The human oral squamous cell carcinoma cell line (HN ACC 417, DSMZ, Leipzig, Germany), the spontaneous immortalized human keratinocyte cell line HaCaT  and the human epidermoid carcinoma cell line A431 (ATCC® CRL1555™) were cultured in Dulbecco's Modified Eagle's Medium (D-MEM, Gibco, Karlsruhe, Germany) with GlutaMax supplemented with 10% (v/v) fetal calf serum (FCS, PAA, Cölbe, Germany) and 1% (v/v) penicillin/streptomycin solution (Gibco) in 7.5% CO2 atmosphere at 37°C. Curcumin (Sigma-Aldrich Taufkirchen, Germany) was dissolved as previously described [23, 27]. Briefly, cells were incubated for 1h with medium containing 0.01µg/ml to 1µg/ml curcumin. For irradiation either with 1J/cm2 ultraviolet A (UVA, Waldmann, Villingen-Schwenningen, Germany) or visible light (VIS, 5500 lx, Philips GmbH, Hamburg, Germany) the medium was replaced with PBS (Gibco) or PBS curcumin. After irradiation PBS was replaced with culture medium containing no curcumin.
HN cells were cultivated in microwell plates at a density of 1×104 cells/0.33 cm2 and were exposed to curcumin as mentioned. Immediately after irradiation cells were transferred to the incubator microscope unit. Morphological properties were monitored, analysed and photodocumented every 2h for 16h with the incubator microscope unit IncuCyte (EssenBioScience, Hertfordshire, UK).
Cells were cultivated in microwell plates at a density of 2×104 cells/0.33 cm2. Cells were exposed to curcumin as mentioned. Immediately after irradiation cells were pulsed for 16h with 5-bromo-2'-deoxyuridine (BrdU). The incorporation rate of BrdU was determined using a commercial enzyme-linked immunosorbent assay (ELISA) kit (Roche, Mannheim, Germany) as previously described . Briefly, cells were fixed and immune complexes were formed using peroxidase-coupled BrdU-antibodies. A colorimetric reaction with tetramethylbenzidine as a substrate gave rise to a reaction product measured at 450nm in a scanning multiwell spectrophotometer (ELISA reader, MR 5000; Dynatech, Guernsey, UK).

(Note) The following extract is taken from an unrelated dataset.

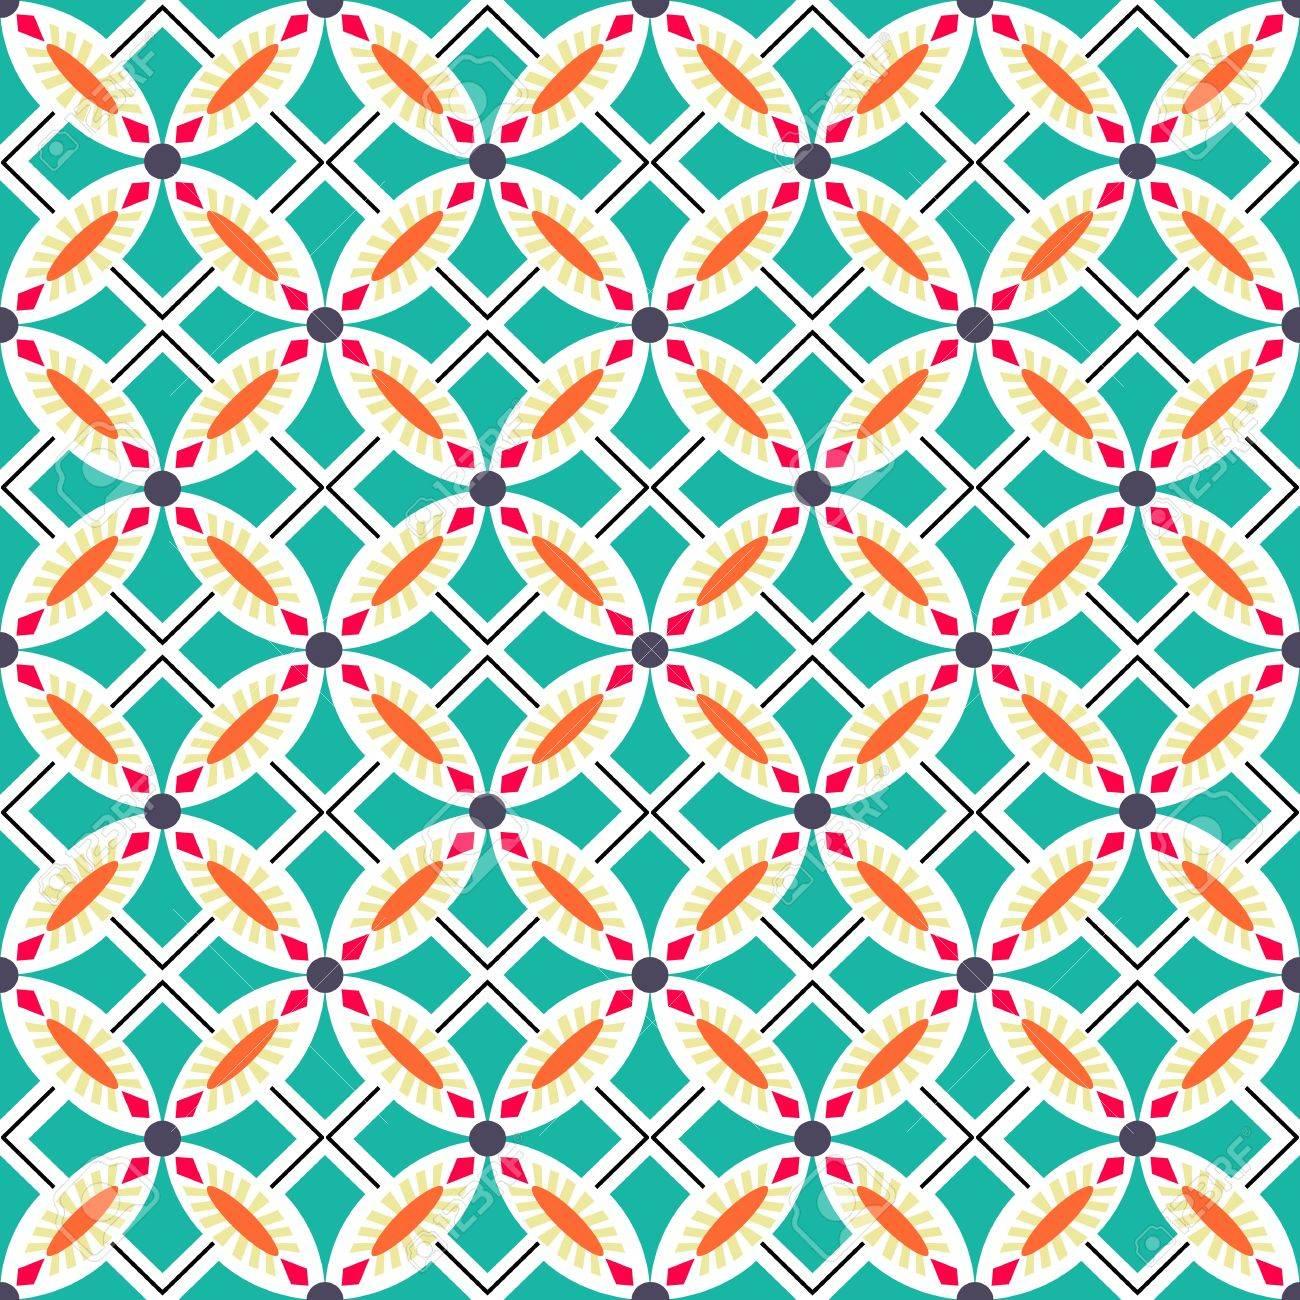 Beautiful seamless ornamental tile background illustration - 21747001

Cell lysis was quantified using the cytotoxicity detection kit (Roche), which is based on the release of lactate dehydrogenase (LDH) from damaged cells. Briefly, HN cells were seeded in microwell plates as described above and were treated with curcumin and UVA or VIS. As a positive control (maximal cell damage), cells were treated with 1% Triton X-100 (Merck, Darmstadt, Germany). Subsequently, the cell-free supernatants were incubated with NAD+, which is reduced by LDH to NADH/H+. In a second step, NADH/H+ reduces a yellow tetrazolium salt to a red-coloured formazan salt. The amount of red colour is proportional to the number of lysed cells. For quantitation, the absorbance of the reaction product was measured at 490nm using a multiwell spectrophotometer.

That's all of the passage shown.